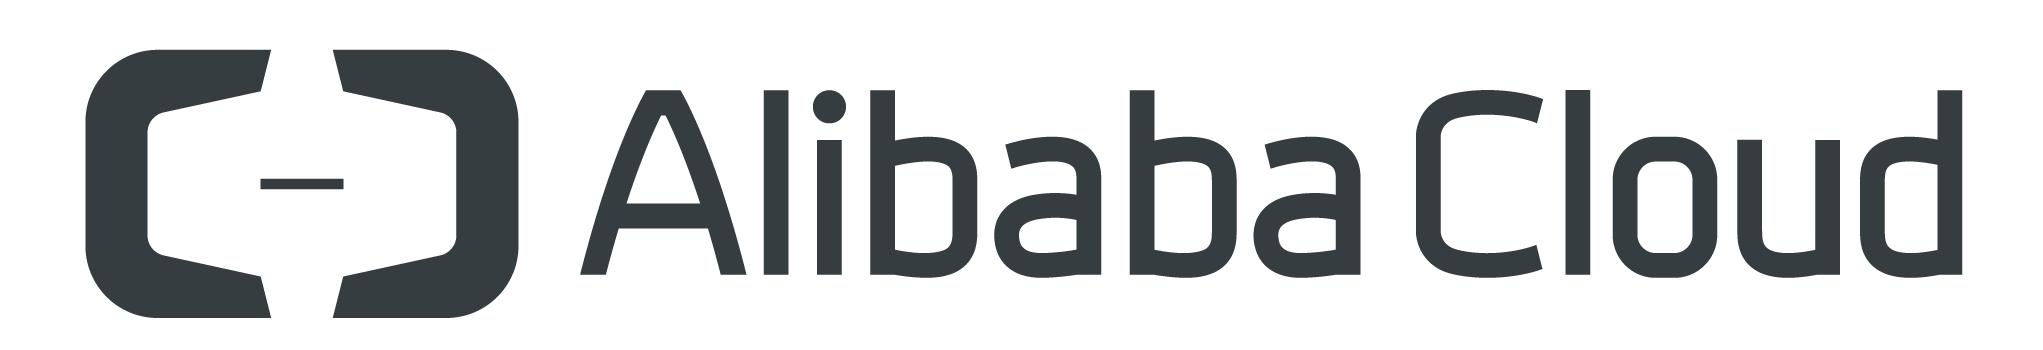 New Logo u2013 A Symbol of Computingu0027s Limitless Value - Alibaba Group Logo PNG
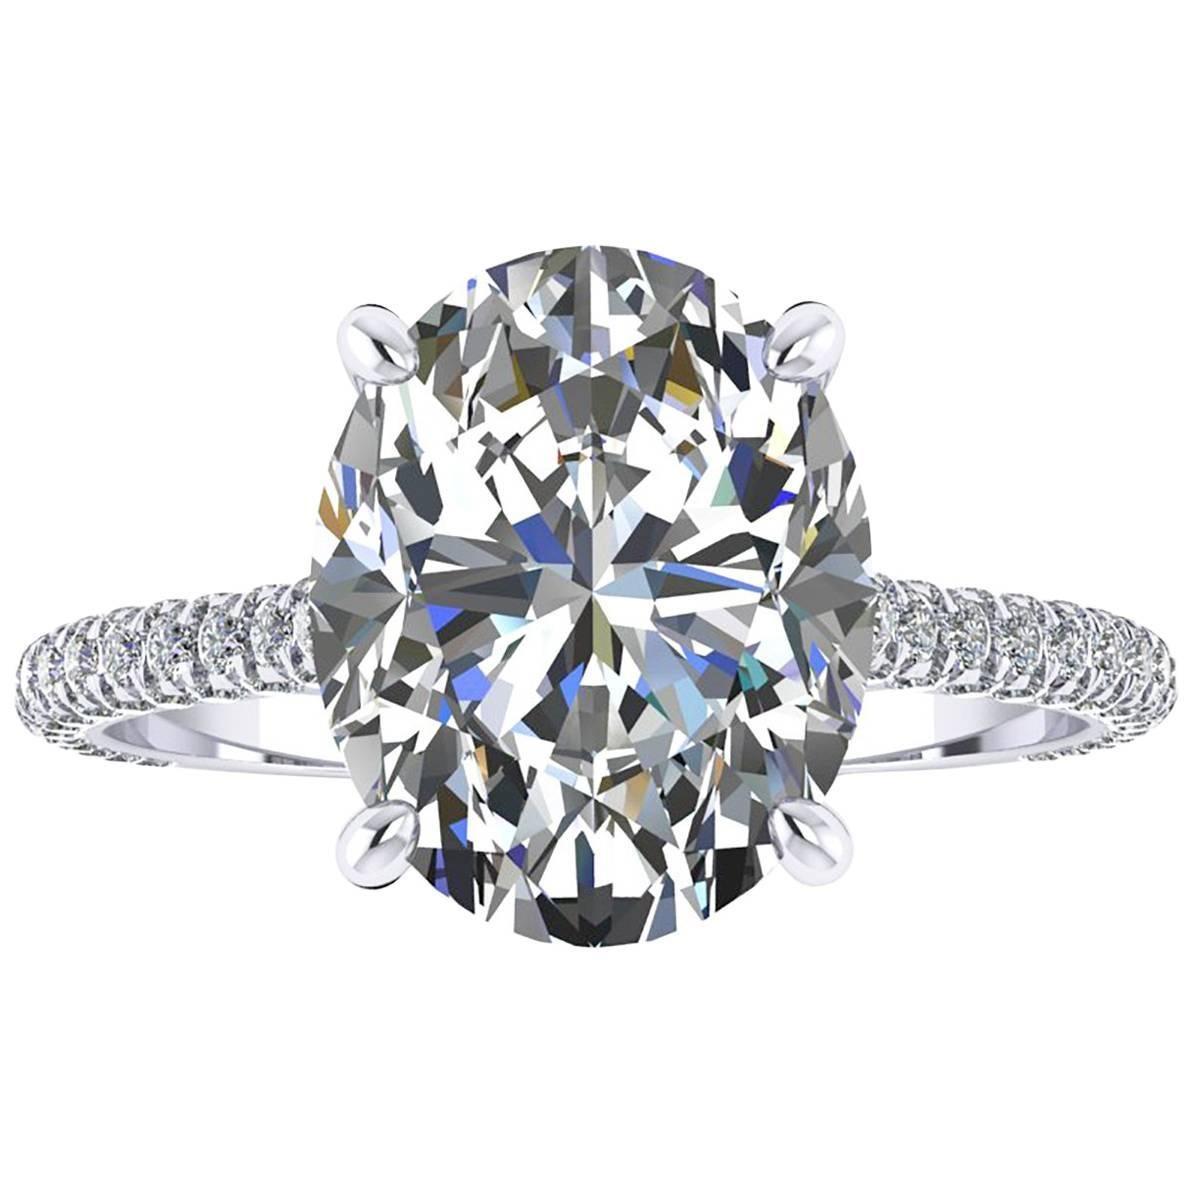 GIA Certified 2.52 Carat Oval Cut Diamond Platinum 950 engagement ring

==

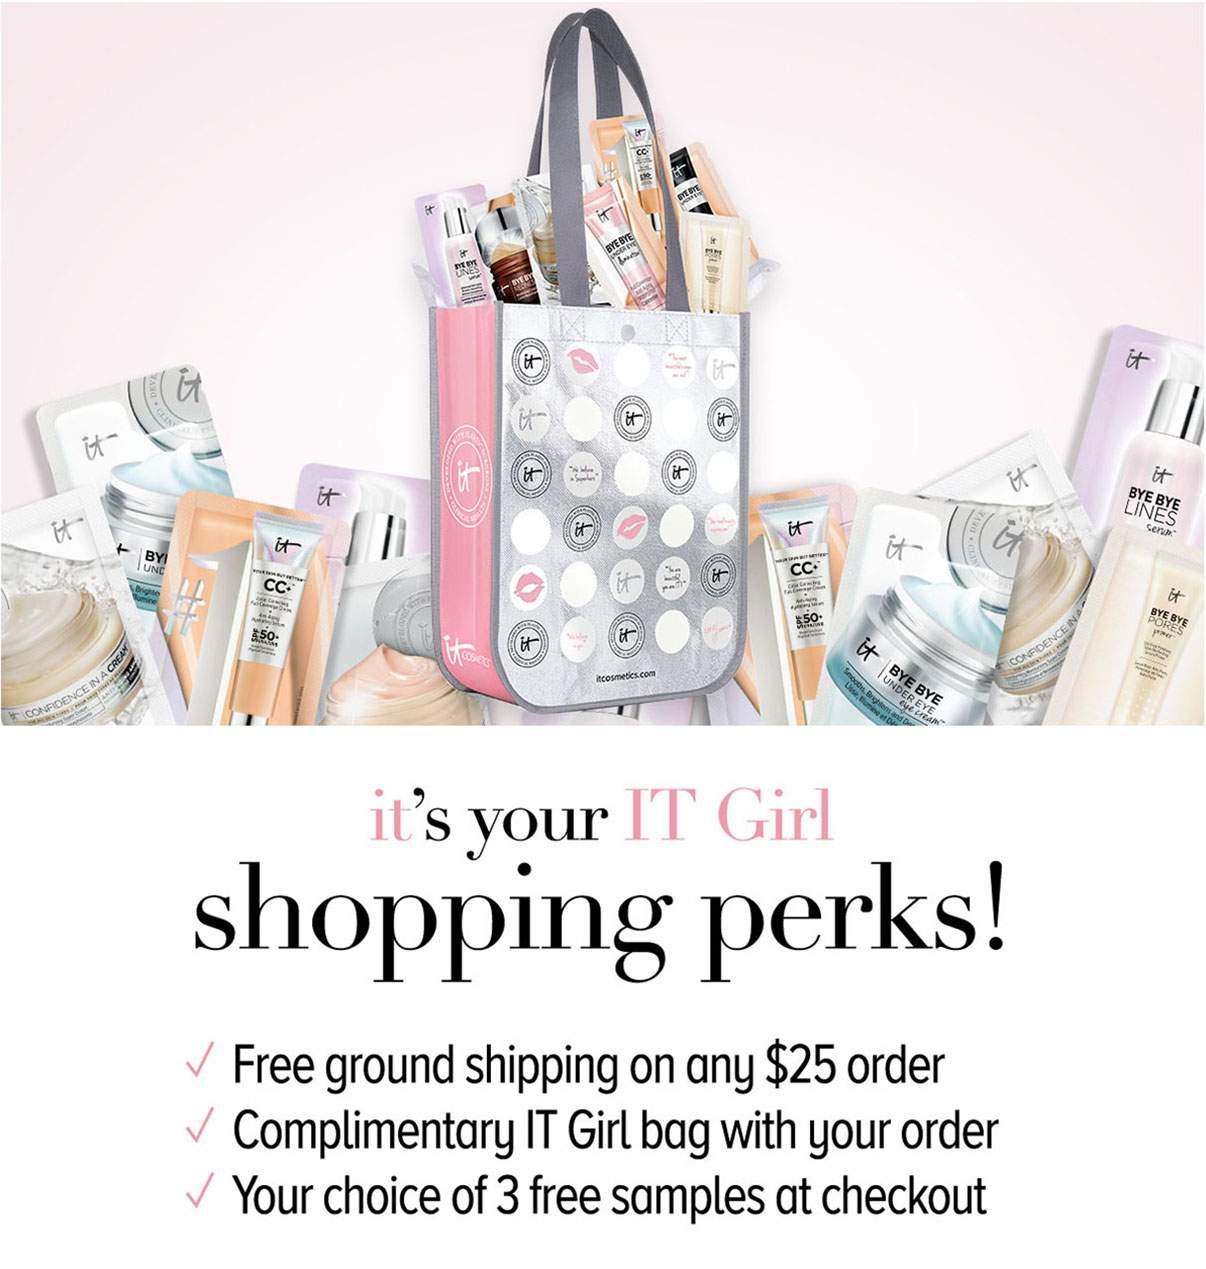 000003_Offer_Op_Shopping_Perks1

- **EXERCISE GOAL**: Set the pictures aside and retype exactly the lines above from the line with "New Logo u2013" to the line with "GIA Certified 2.52", both included, adding no others.

- **TASK RESPONSE**:
 New Logo u2013 A Symbol of Computingu0027s Limitless Value - Alibaba Group Logo PNG
 GIA Certified 2.52 Carat Oval Cut Diamond Platinum 950 engagement ring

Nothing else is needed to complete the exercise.